(Exercise aim):
Nothing below is to be printed except the lines between the line holding "Yes, we have" and the line holding "blue and red", inclusive, each exactly as it appears.

(Records for the exercise):
┄┄┄┄┄┄┄┄┄┄

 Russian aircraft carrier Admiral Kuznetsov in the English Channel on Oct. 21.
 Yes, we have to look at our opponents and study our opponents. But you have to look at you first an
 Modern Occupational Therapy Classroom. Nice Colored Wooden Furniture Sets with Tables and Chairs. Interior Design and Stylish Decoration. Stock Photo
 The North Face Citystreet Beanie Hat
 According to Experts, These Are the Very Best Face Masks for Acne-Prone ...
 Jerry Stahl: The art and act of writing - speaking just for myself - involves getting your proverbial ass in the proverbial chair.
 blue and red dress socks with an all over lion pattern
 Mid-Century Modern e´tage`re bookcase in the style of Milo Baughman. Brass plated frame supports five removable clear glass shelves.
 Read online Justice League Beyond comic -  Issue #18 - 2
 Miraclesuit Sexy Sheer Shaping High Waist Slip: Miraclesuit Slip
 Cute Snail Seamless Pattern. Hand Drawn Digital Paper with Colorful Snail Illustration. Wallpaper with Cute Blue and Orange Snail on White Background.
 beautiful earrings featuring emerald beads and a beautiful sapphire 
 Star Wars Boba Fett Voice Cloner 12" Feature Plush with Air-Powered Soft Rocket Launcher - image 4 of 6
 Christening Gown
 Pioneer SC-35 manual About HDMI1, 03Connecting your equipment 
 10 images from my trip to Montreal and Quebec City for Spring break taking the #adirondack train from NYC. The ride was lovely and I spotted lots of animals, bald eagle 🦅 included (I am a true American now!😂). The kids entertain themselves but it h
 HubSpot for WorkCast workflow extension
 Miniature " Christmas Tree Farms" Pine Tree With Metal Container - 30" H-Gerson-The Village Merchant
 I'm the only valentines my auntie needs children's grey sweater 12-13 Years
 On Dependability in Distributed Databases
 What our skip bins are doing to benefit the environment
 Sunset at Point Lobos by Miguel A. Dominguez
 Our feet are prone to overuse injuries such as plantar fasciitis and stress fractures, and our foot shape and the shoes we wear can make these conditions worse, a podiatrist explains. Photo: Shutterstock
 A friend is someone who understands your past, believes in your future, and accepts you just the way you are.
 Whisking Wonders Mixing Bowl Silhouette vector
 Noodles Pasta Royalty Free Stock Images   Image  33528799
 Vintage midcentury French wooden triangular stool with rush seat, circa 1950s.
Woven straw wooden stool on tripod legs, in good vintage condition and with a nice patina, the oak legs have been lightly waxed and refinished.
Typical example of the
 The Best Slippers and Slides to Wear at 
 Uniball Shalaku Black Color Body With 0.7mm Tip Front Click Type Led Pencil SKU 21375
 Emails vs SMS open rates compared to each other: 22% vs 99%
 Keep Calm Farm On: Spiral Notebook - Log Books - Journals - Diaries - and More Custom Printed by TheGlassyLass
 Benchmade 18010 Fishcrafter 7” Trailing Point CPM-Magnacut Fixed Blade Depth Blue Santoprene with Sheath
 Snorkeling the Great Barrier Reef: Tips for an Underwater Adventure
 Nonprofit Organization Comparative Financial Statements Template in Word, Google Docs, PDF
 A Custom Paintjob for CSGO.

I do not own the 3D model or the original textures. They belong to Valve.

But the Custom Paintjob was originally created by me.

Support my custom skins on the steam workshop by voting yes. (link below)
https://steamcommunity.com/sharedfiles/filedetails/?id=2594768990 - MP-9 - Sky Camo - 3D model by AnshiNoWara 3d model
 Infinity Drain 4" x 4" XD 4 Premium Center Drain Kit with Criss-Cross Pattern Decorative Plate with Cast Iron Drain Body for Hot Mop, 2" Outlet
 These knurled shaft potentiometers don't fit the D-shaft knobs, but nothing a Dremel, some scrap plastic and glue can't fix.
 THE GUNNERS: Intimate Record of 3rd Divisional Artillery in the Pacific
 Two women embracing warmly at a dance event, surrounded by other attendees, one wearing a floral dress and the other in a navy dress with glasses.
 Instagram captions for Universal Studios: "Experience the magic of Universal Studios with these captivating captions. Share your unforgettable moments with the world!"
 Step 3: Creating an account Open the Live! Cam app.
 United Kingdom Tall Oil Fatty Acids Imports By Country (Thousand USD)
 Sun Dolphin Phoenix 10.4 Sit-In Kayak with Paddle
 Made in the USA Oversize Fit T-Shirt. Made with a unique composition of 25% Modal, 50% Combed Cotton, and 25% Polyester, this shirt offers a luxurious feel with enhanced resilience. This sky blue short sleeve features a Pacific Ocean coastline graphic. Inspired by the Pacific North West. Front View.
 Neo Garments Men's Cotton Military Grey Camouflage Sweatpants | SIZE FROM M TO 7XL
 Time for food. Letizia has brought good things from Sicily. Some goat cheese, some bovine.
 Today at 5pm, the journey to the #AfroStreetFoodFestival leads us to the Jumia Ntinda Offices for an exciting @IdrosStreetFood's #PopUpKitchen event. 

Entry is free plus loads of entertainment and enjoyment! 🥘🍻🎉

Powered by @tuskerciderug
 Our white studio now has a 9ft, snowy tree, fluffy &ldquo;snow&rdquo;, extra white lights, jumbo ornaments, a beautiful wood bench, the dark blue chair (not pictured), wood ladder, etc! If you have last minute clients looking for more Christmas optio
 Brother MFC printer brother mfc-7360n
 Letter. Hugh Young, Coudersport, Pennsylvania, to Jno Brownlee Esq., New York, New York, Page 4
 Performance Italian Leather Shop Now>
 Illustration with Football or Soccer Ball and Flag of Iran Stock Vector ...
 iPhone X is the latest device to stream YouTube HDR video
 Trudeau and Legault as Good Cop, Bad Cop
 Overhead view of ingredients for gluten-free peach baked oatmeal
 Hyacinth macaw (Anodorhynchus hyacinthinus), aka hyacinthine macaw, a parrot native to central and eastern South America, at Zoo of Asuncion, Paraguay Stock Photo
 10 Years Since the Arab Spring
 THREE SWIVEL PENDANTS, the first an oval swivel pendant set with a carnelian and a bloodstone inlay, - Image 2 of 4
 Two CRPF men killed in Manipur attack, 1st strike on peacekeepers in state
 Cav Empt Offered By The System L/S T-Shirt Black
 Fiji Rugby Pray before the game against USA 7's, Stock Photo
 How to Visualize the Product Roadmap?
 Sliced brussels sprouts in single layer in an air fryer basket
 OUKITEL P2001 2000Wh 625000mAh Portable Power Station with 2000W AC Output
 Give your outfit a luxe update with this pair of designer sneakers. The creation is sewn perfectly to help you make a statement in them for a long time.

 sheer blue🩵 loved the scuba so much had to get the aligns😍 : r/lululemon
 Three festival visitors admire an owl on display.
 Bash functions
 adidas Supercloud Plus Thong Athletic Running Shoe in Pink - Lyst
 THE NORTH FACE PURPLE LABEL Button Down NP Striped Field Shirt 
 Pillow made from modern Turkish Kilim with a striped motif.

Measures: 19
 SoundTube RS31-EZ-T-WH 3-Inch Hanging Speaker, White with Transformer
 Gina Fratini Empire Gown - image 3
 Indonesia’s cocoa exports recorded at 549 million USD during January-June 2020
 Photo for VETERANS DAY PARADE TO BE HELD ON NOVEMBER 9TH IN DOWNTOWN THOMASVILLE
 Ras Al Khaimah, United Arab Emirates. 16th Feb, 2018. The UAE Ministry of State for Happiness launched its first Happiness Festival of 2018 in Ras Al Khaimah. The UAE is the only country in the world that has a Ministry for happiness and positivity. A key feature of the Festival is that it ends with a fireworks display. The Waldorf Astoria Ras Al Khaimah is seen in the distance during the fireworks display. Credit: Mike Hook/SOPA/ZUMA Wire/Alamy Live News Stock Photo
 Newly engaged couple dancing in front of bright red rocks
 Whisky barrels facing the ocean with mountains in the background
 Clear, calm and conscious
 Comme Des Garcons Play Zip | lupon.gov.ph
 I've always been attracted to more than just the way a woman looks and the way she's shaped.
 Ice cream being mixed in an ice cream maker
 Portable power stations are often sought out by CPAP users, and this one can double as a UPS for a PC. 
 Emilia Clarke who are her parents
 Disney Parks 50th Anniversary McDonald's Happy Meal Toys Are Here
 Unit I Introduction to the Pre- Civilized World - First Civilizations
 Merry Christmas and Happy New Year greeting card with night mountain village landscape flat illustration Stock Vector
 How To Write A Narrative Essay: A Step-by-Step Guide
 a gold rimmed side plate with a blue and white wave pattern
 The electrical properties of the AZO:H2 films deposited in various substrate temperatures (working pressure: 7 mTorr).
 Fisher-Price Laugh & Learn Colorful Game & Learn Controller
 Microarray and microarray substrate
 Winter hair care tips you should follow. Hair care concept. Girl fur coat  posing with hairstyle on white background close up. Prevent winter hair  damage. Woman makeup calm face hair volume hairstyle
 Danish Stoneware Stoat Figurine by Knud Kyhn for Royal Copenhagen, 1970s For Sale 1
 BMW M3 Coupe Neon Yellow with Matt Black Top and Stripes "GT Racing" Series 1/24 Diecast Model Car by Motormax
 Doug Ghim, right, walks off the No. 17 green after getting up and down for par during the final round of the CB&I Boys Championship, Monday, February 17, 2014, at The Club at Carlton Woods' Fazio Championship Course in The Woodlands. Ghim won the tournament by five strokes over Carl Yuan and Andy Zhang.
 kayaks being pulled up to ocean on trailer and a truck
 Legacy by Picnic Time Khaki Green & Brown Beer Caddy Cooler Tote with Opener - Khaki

┄┄┄┄┄┄┄┄┄┄

(Solution to this exercise):
 Yes, we have to look at our opponents and study our opponents. But you have to look at you first an
 Modern Occupational Therapy Classroom. Nice Colored Wooden Furniture Sets with Tables and Chairs. Interior Design and Stylish Decoration. Stock Photo
 The North Face Citystreet Beanie Hat
 According to Experts, These Are the Very Best Face Masks for Acne-Prone ...
 Jerry Stahl: The art and act of writing - speaking just for myself - involves getting your proverbial ass in the proverbial chair.
 blue and red dress socks with an all over lion pattern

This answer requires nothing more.